Eclipse GlassFish EL Injection Vulnerability (CVE-2026-2587) Exploit Publicly Available

A critical Remote Code Execution vulnerability, CVE-2026-2587, has been identified in Eclipse GlassFish. The vulnerability lies in the GlassFish admin console gadget handler. The application processes .xml files fetched from a URL supplied via the gadget= query parameter and evaluates user-supplied values inside `` attributes through the Java Expression Language (EL) engine without sanitization. A public exploit PoC has been published, increasing the risk to unpatched GlassFish servers. The exploit, available on Sploitus, targets the /common/gadgets/gadget.jsf endpoint and can be triggered via CSRF if an admin session is active. The vulnerability affects Eclipse GlassFish versions prior to 7.1.0.

Attack Chain

1. Attacker hosts a malicious XML file containing EL expressions (e.g., #{7*7}) on a server.
2. Attacker crafts a CSRF page containing an iframe that targets the vulnerable GlassFish instance.
3. The CSRF page is delivered to a logged-in administrator via email or other means.
4. The administrator’s browser loads the CSRF page, triggering the iframe.
5. The iframe sends a GET request to /common/gadgets/gadget.jsf with the gadget parameter pointing to the attacker’s hosted XML file.
6. The GlassFish server fetches the XML file from the attacker’s server.
7. The GlassFish server evaluates the EL expression within the ModulePrefs section of the XML file.
8. If the EL expression contains malicious Java code, the server executes it, leading to remote code execution.

Impact

Successful exploitation of CVE-2026-2587 allows an attacker to execute arbitrary code on the GlassFish server.
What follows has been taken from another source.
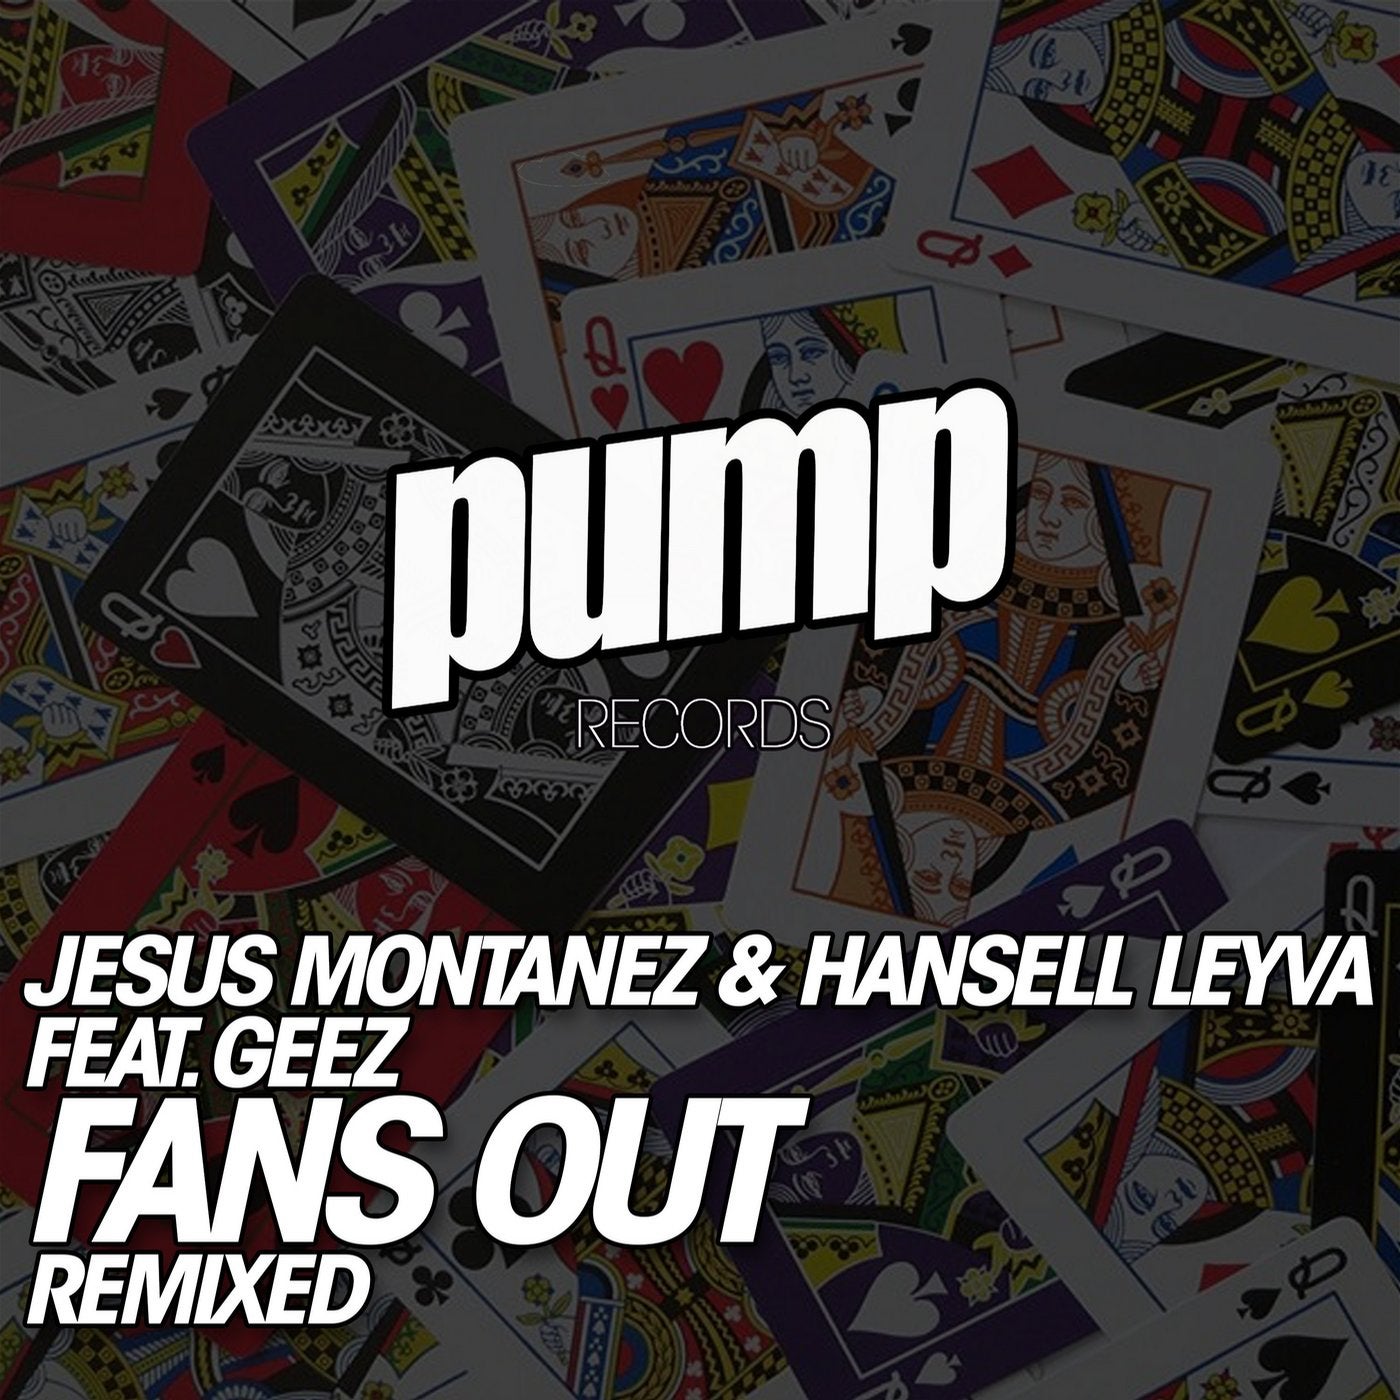 Fans Out Remixed
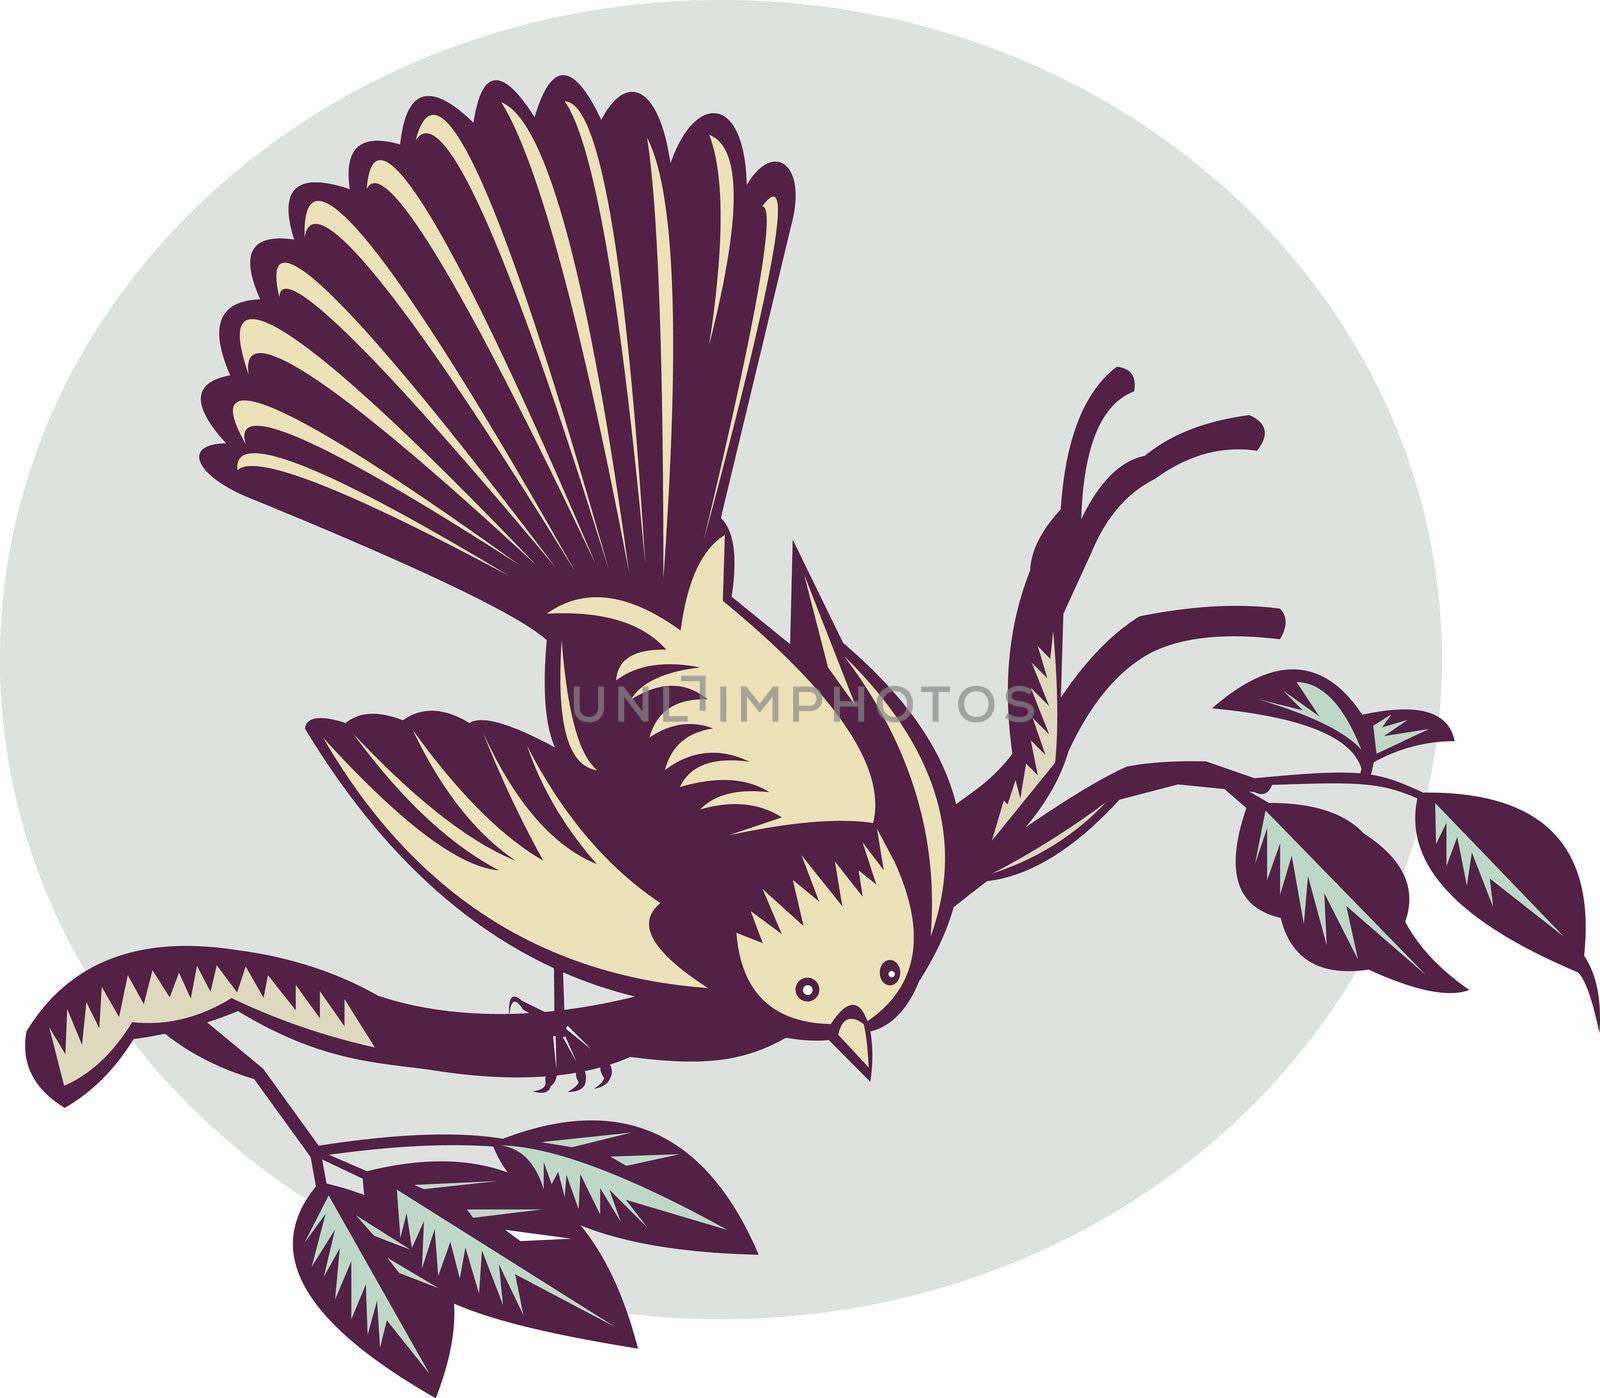 illustration of a New Zealand fantail bird on a branch done in retro woodcut style.

This could lead to complete system compromise, data theft, denial of service, or further lateral movement within the network. The availability of a public exploit increases the likelihood of exploitation, especially for organizations that have not yet patched their GlassFish instances. The CVSS score of 9.6 indicates the critical severity of this vulnerability.

Recommendation

• Upgrade Eclipse GlassFish to version 7.1.0 or later to patch CVE-2026-2587 (see References).
• Deploy the Sigma rule “Detect CVE-2026-2587 Exploitation Attempt via GET Request” to detect exploitation attempts (see Rules).
• Implement CSRF protection measures to mitigate the risk of exploitation through compromised administrator sessions (general security best practice).
• Monitor web server logs for requests to /common/gadgets/gadget.jsf with unusual gadget parameter values, especially those pointing to external URLs (see References for vulnerable endpoint).